Radar Roundup: Data Mining and Visualization

  • Visual Complexity: a proof sheet and index for the visualization projects on the web. cf InfoVis.
  • TextRank Paper (PDF): “In this paper, we introduce TextRank–a graph-based ranking model for text processing, and show how this model can be successfully used in natural language applications.” Some detective work suggests it might be (at least part of) the algorithm Google uses for book search results, raising the ghastly idea of print books being SEOed.
  • SNA, a social network tools package for the R project. “A range of tools for social network analysis, including node and graph-level indices, structural distance and covariance methods, structural equivalence detection, p* modeling, random graph generation, and 2D/3D network visualization.”

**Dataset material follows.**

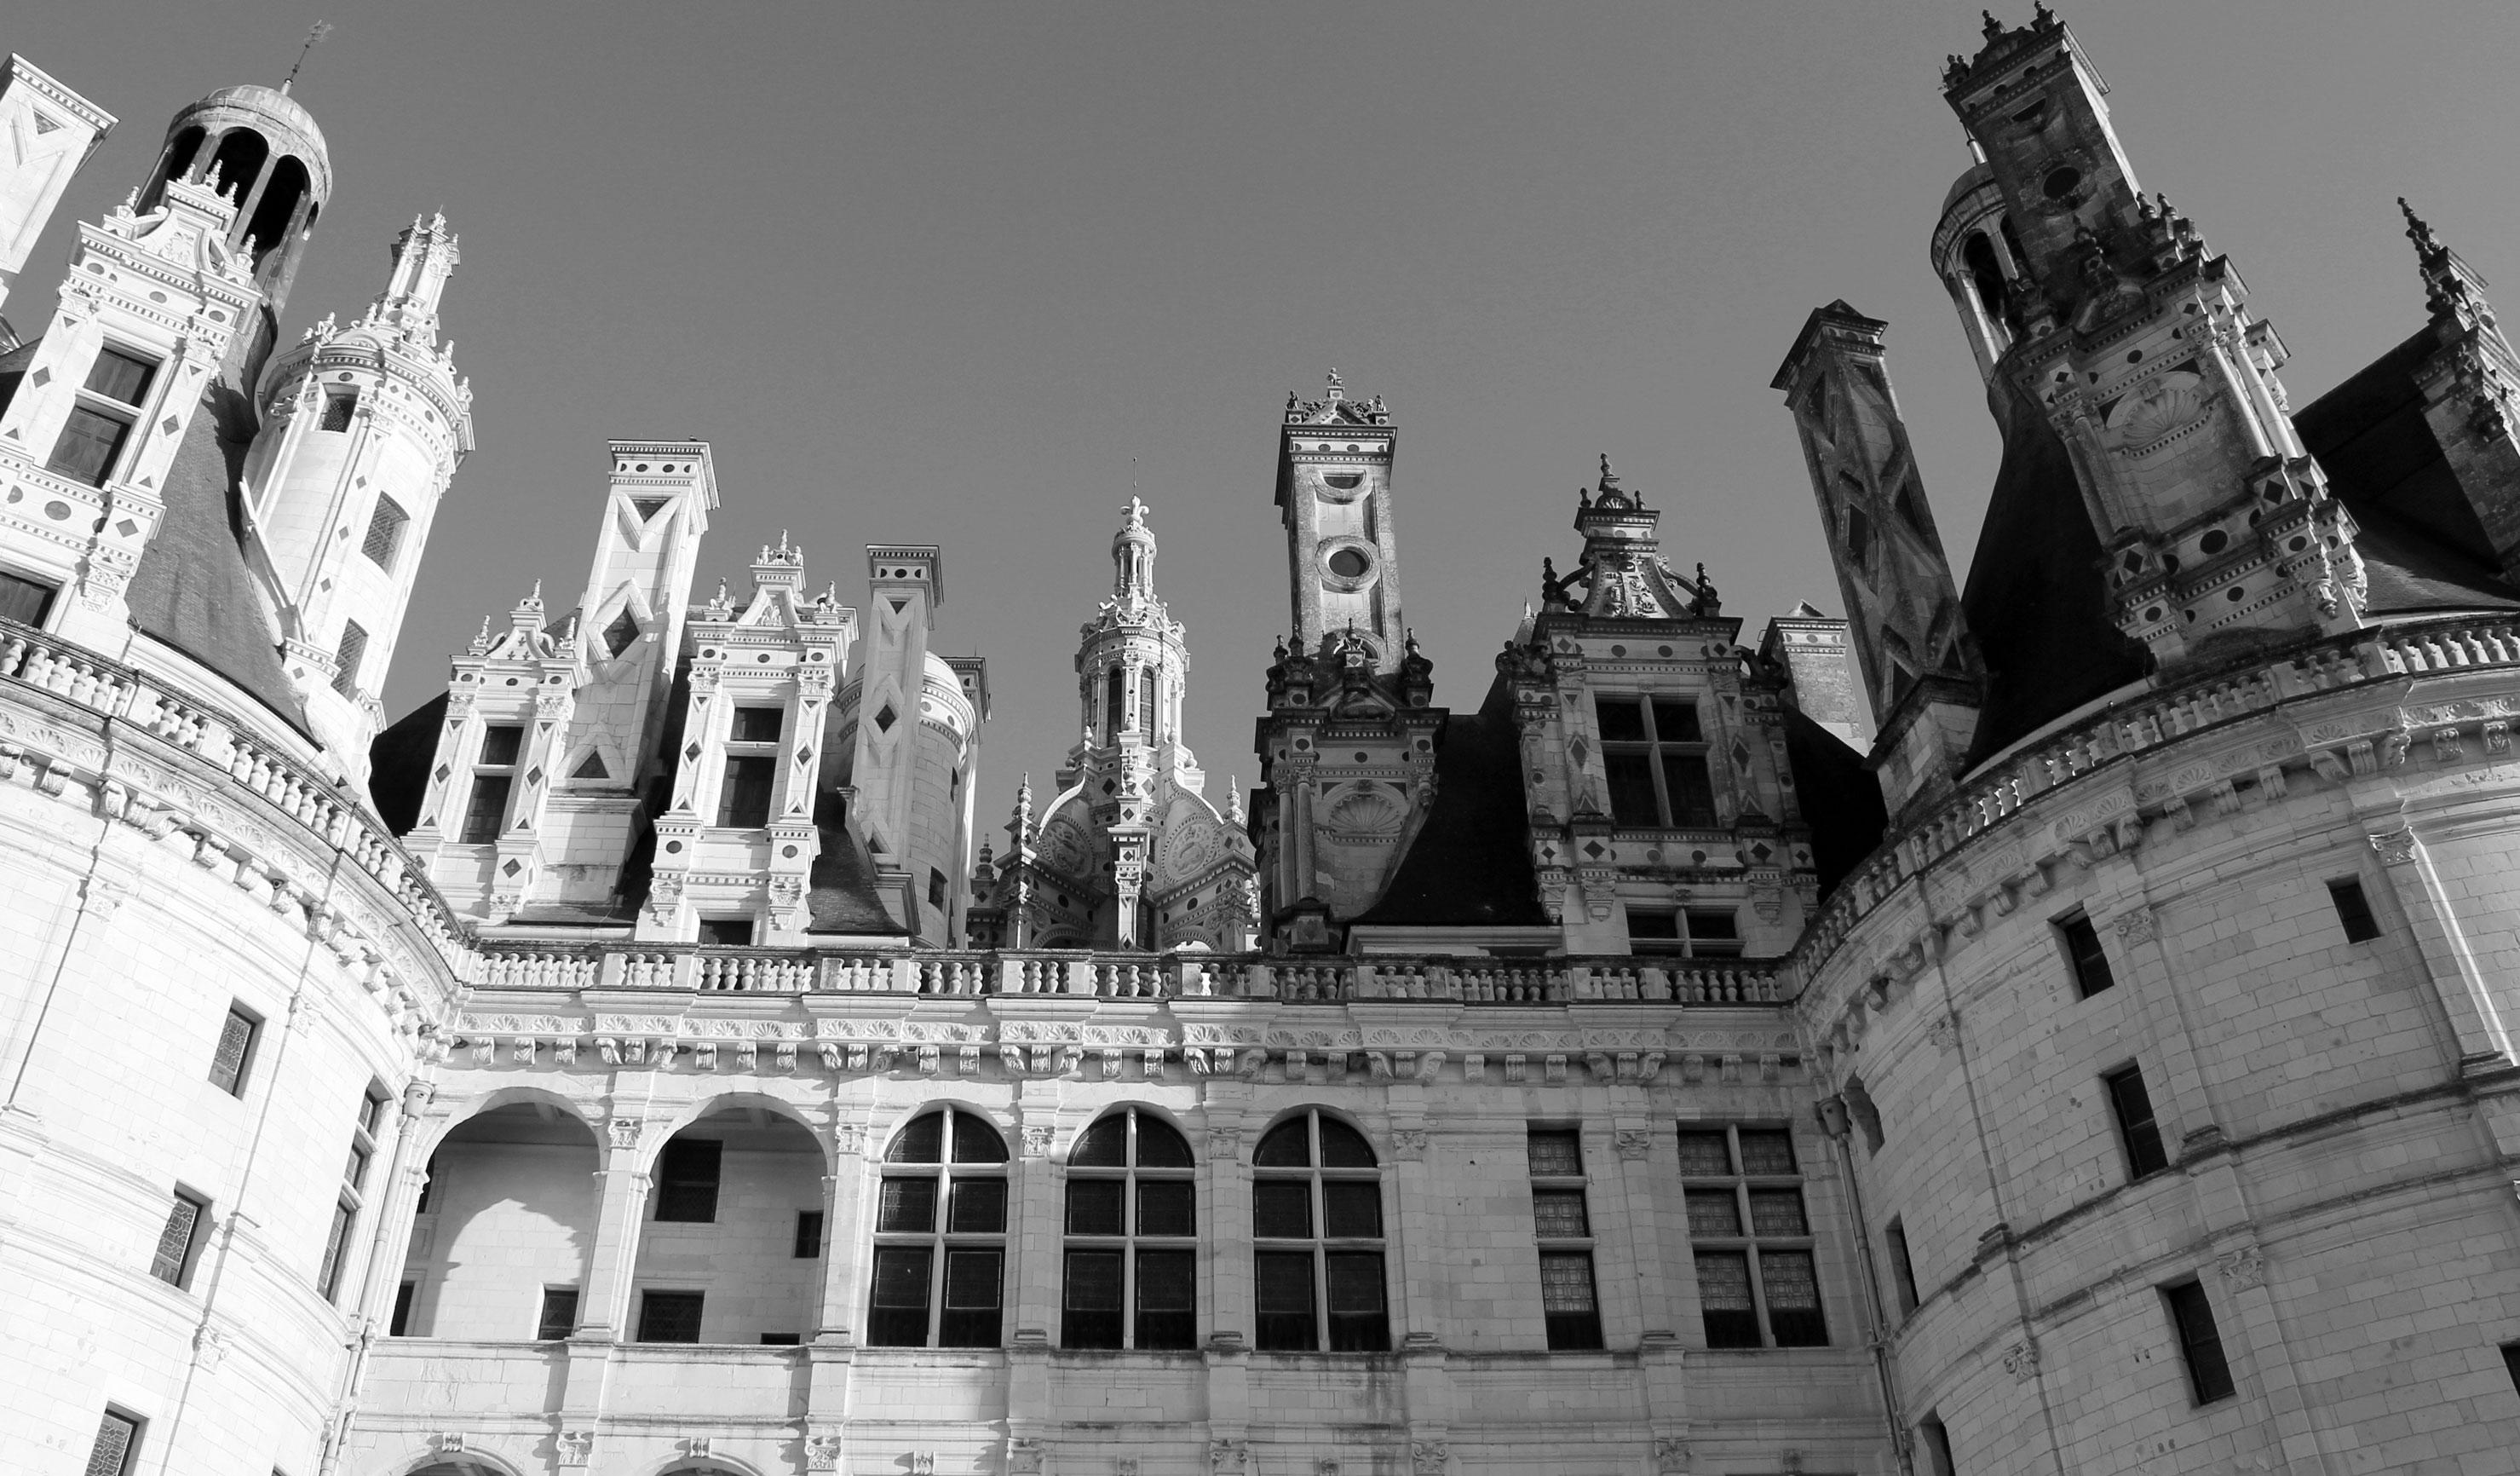 https://ufe-experts.fr/wp-content/uploads/2019/08/6-Vue-du-château-de-Chambord.jpg

  • Catching a Poker Cheat with Data Mining (Simple Complexity): how did the stats-savvy top players on a gambling website figure out that they were losing to cheats rather than just better players? They gathered and graphed the stats, and the bad guy stood out like the proverbial sore thumb. That’s a link to a summary of the story, the full details are also online.
  • The Meaning of Confidence (hunch.net): the word “confidence” is used several ways in machine learning papers. This short post teases out the difference senses.
  • Data Park Search Engine: full text indexer for web sites. Love the feature list! Multiple languages, IDNA, accent-insensitive search, and more. Disclaimer: only just found it, haven’t used it. It might delete all your cat captions and send your money to the moon for all I know.